Smalltalk › Frameworks & Tools › Seaside › Seaside General

Re: How to profile a server image?

_‹ Previous Topic Next Topic _›

Classic

List

Threaded

5 messages Options

Andreas.Raab

Re: How to profile a server image?

[Apologies for cross-posting but I figured some of the more interested
audience may be on the Seaside list. What follows below is a summary of
my experiences with server profiling over the last couple of years which
I've done a goodly bit of]

Herbert König wrote:
> say I have a web server with several users logged into different
> sites.
>
> What do i have to start a MessageTally on to see where the image
> spends its time?

This is tricky with MessageTally. There are several issues to keep in
mind, some of which you can fix, some of which you can't. Here we go:

1) Observing all Processes
--------------------------
First, MessageTally only observes the block you are running, not the
entire system. For example, if you were to profile this:

done := Semaphore new.
worker:= [
10 timesRepeat:[World changed; displayWorld].
done signal.
] fork.
MessageTally spyOn:[done wait].

This is what you'd get:

**Tree**
100.0% {2367ms} primitives

**Leaves**
100.0% {2367ms} UndefinedObject>>DoIt

Obviously it's not actually measuring what is going on during the period
of time which is a real problem if you are trying to measure server load
in general. But it's fixable.

2) Priority issues
------------------
MessageTally uses userInterruptPriority and won't see anything running
(for example) at lowIOPriority or higher. This is quite common for
server images for handling incoming requests etc.

The good news is, both of the above issues can be fixed easily. Just
file in the attached patch for MessageTally (I will also post this on
Mantis) and it will report the work being done accurately when you use
it via:

MessageTally spyAt: Processor timingPriority-1 on:[done wait].

The priority argument allows you to specify at which priority to run
your spy so that you can measure what you need to measure (a word of
warning though: You mustn't try to run at #timingPriority as this will
interfere with the timing mechanism itself).

With these changes you can run a tally on, e.g.,

MessageTally spyOn:[(Delay forSeconds: 10) wait].

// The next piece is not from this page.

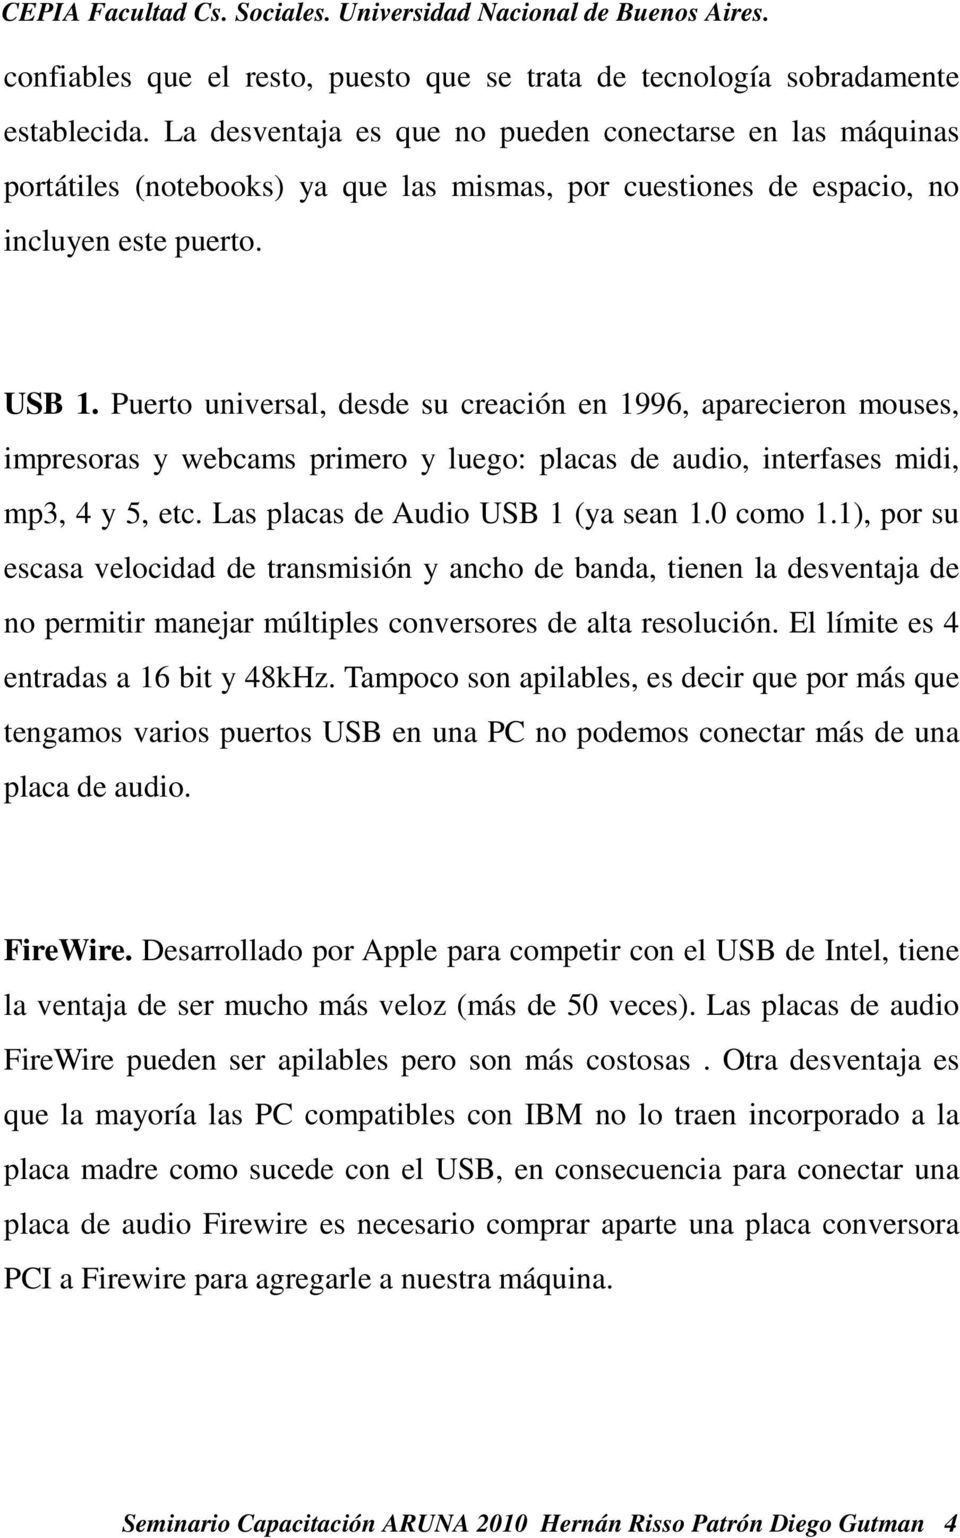 Puerto universal, desde su creación en 1996, aparecieron mouses, impresoras y webcams primero y luego: placas de audio, interfases midi, mp3, 4 y 5, etc. Las placas de Audio USB 1 (ya sean 1.0 como 1.
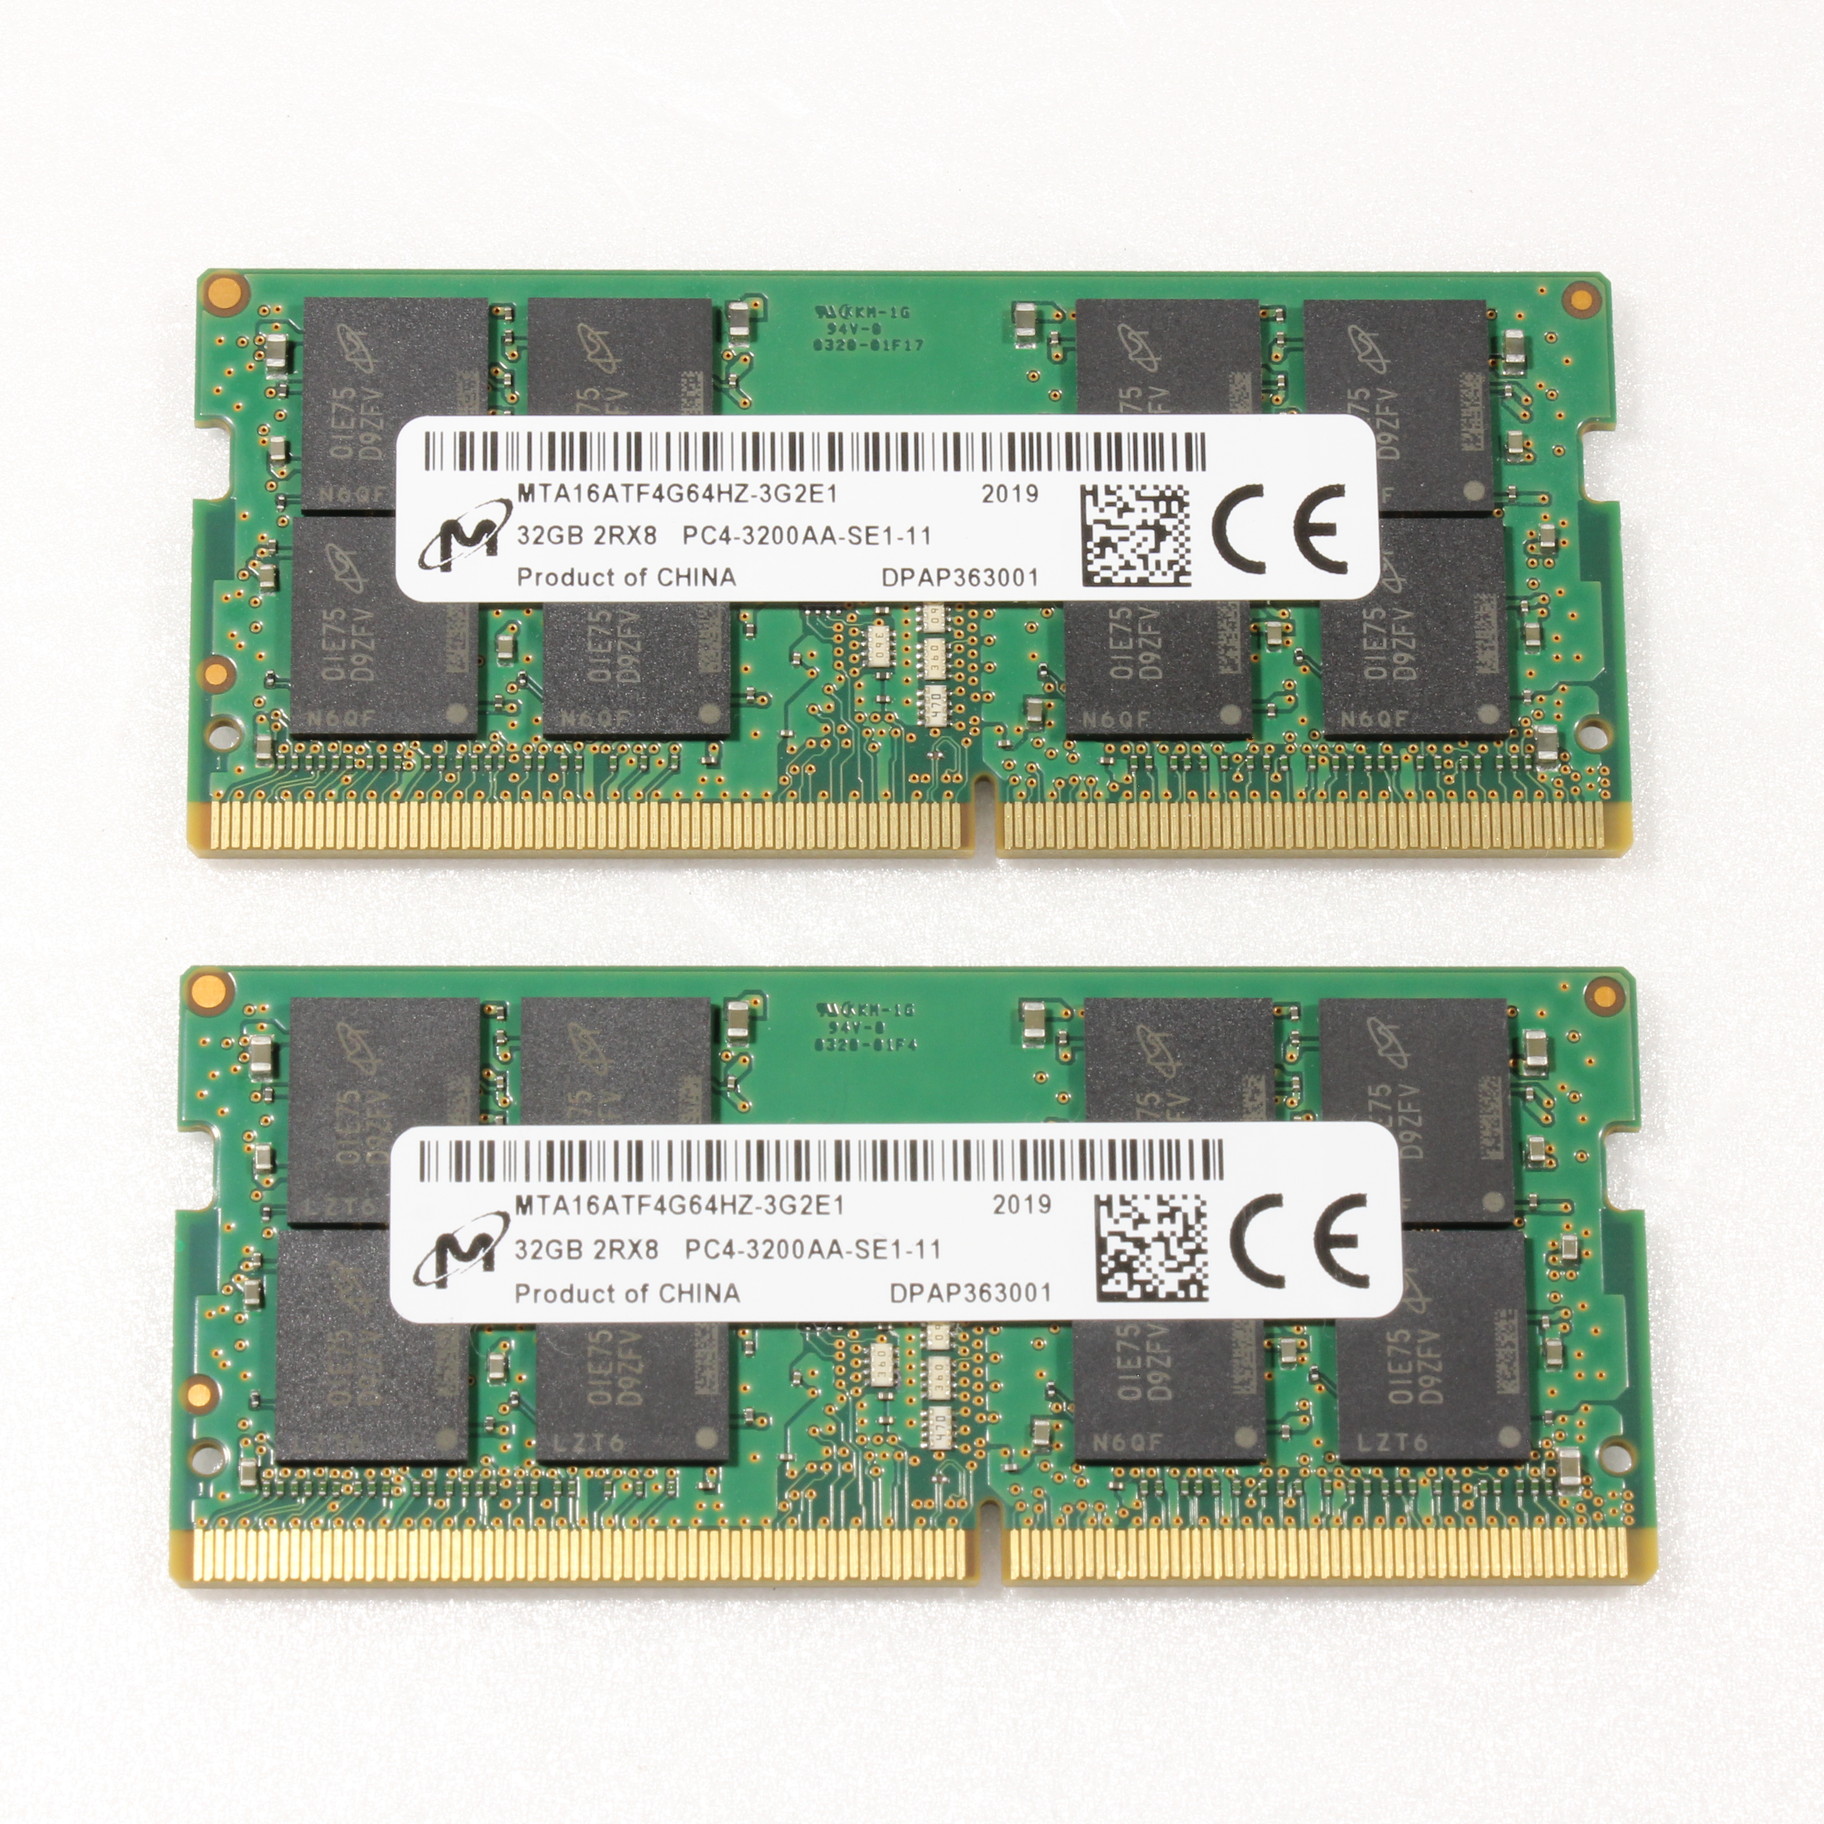 驚きの値段】 32GB 2枚組 SO-DIMM PC4-3200AA(DDR4) リール

and see what happens over the next 10 seconds. This is effectively what
we do for profiling on our server images.

3) VM timing problems
---------------------
Unfortunately, recent VMs have a problem with spy accuracy since an
important timer check was removed from the VM (I didn't notice that at
the time it happened). This *heavily* affects the profiler, for example,
try this:

MessageTally spyOn:[
1 to: 100 do:[:i|
Display fillWhite.
'Hello', ' World'.
].
].

If you have a recent VM (I haven't tracked how far back this goes) the
result is this:

**Tree**
100.0% {534ms} ByteString(SequenceableCollection)>>,

**Leaves**
100.0% {534ms} ByteString(SequenceableCollection)>>,

The problem is caused by the VM no longer doing a timer check after a
primitive has been run. Consequently, the time spent in any long-running
primitive (like BitBlt) is allocated to the *next real send* when an
interrupt check occurs (as you can see in the above). This can be
extremely confusing. If you want even remotely accurate profiles I
recommend going back a few generations in VMs and pick one that behaves
properly in this regard. For example, running the above in 3.6 I get:

**Tree**
100.0% {218ms} DisplayScreen(DisplayMedium)>>fillWhite
100.0% {218ms} DisplayScreen(DisplayMedium)>>fill:fillColor:
100.0% {218ms} DisplayScreen(Form)>>fill:rule:fillColor:
100.0% {218ms} BitBlt>>copy:from:in:fillColor:rule:

**Leaves**
100.0% {218ms} BitBlt>>copy:from:in:fillColor:rule:

Obviously, this is the correct tally. [Hm ... but this points out
another issue. For some reason 3.6 runs this in half the total time???
What the heck... I'll have to look at this]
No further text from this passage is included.